Regardless of whether the origins for these ulterior motives are good or bad (or Goon or non-Goon), each of us have them every single day of our lives. I suppose there could be some exceptions such as in the case of Mother Theresa or Mister Rogers — or even perhaps Tom Hanks because, face it — not just anyone could pull off playing Mister Rogers. But for all of us mere mortals, well, not so much. We seem to be wired that way, to make the most of every situation.

And it isn't always bad; asking someone if they would like something from the kitchen while we are already in the kitchen might save us a second trip to the kitchen, but it isn't (usually) as if we would punch them in the face if we had to go back for that second bottle of herbal beverage. Just kidding, we all know it would be a second can of pop or coffee, in my case. Nothing against herbal beverages, mind you, though sometimes I think the pop has less sugar. They really should print the ingredients in bold, large letters and the brand name in that microscopic typeface reserved for legal documents.

The point is, once we realize that we all do it anyway, and that it doesn't have to be for nefarious reasons, we gain the advantage of being able to truly use those subtext motivations for our own good. These ulterior motivations can be used to prop up or otherwise support our main goals, especially when the main goal is so broad and lacks a readily identifiable focus. No one for instance ever wakes up in the morning or reflects in the evening before bed that it would be a truly wonderful thing to be in poor health and not a single person will extoll the virtues of feeling “crappy.” No, we all want to “get in shape” or “get healthy,” but those are such broad terms that when our good friend procrastination comes by, we decide to do it later — whatever it might be.

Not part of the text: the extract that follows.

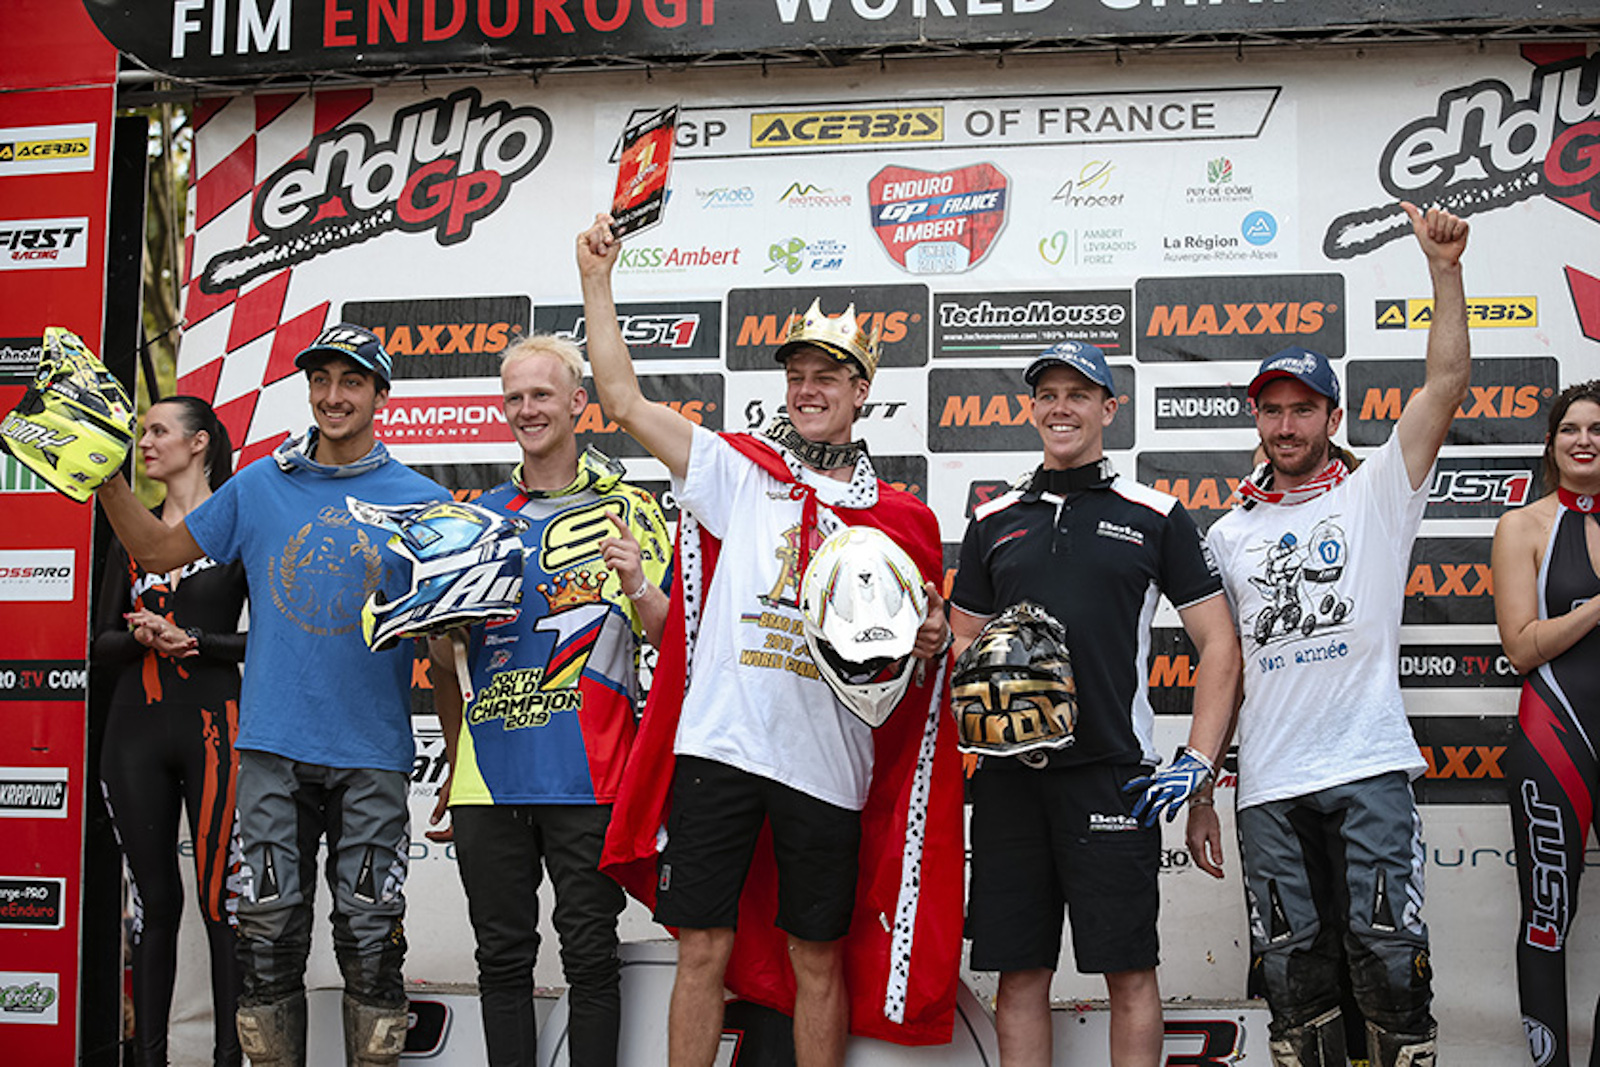 EnduroGP 2019: 5 things we learned from the final GP of 2019 in France  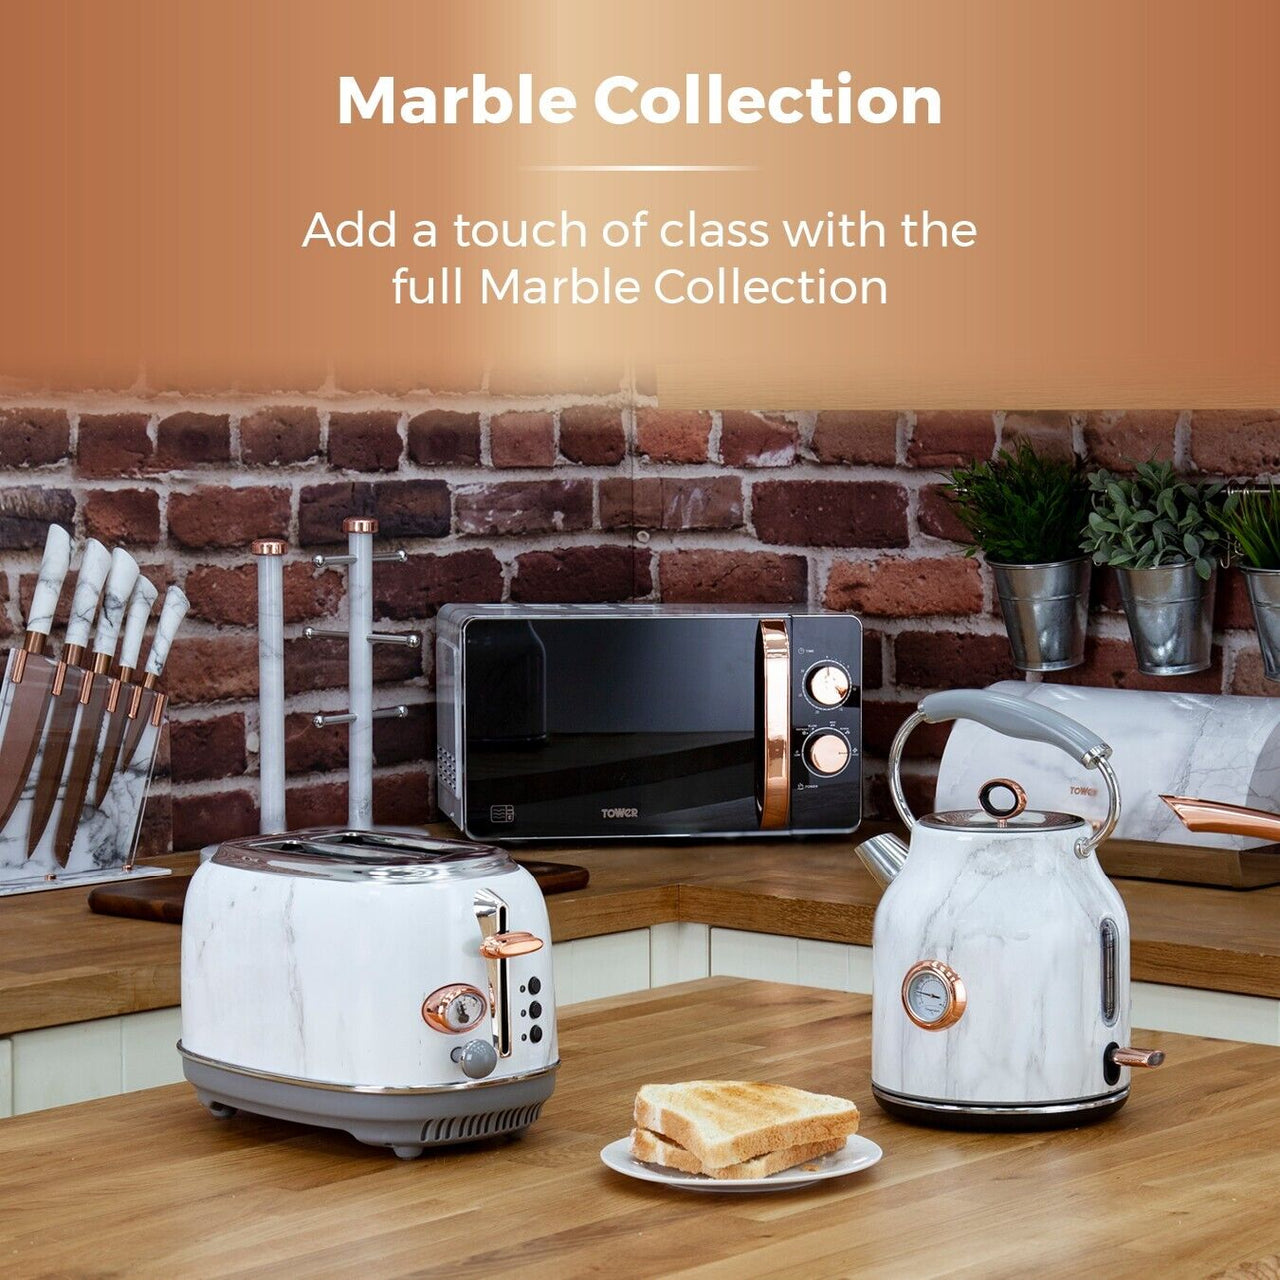 Tower Marble Rose Gold Kettle Toaster Breadbin 3 Canisters Matching Kitchen Set

Human beings are fairly complex creatures after all, so complex in fact that we get in our own way 7 out of 10 times (and get distracted at least twice) because we have so many things that are, or possibly could be, going on. And all of these different things outnumber the one thing we want to do with far more frequency that we would like. So, it is easy to see how a little extra motivation along the way could be beneficial. Let's take fitness for example.

We want to get fit, lose weight, etc.; but then, of course, there are bacon double cheeseburgers and chili cheese fries. The goal of health is quickly outnumbered by the infinite amount of things which, though unhealthy in more than moderate quantities, offer immediate gratification and satisfaction. And it is really hard to do the 10,000 sit-ups it might take to reach our goals with a bowl of ice cream and chocolate syrup in our hands — but that ice cream tastes good now. And as we examine the mechanics of that extremely one-sided challenge, some extra help on the side not slathered in whipped cream would be helpful.

Most people in the fitness industry use words like focus, or determination, or even “beast-mode,” which, unfortunately, doesn't involve actual shape changing. These are all well and good, and can be used to motivate us to do more and do better. But in all honesty, it is perfectly acceptable when attempting to lose weight, for instance, to remind ourselves that we have added more holes to our belt than the number it originally came with. And perhaps it may not be the best motivation, but it is also perfectly acceptable to want to get into shape simply so our shapes become more appealing. Feeling good is its own, best goal – but looking good is an excellent side benefit. Especially if that helps us reach our main goal of a healthier overall lifestyle.

At the end of the day, so to speak, we should use everything in our arsenal to achieve a healthier lifestyle. This becomes, if not actually easier, more successful when we can point our assortment of motivations in the same direction. And remember this; even if you only want to lose the “10 pounds” you have set as your goal so you will look better at a friend's wedding, those 10 pounds are still gone. As long as fad diets and unhealthy restrictions aren't involved, the goals align. When we adopt a healthier lifestyle, for whatever reason, it improves our health. And that, ultimately, improves our lives.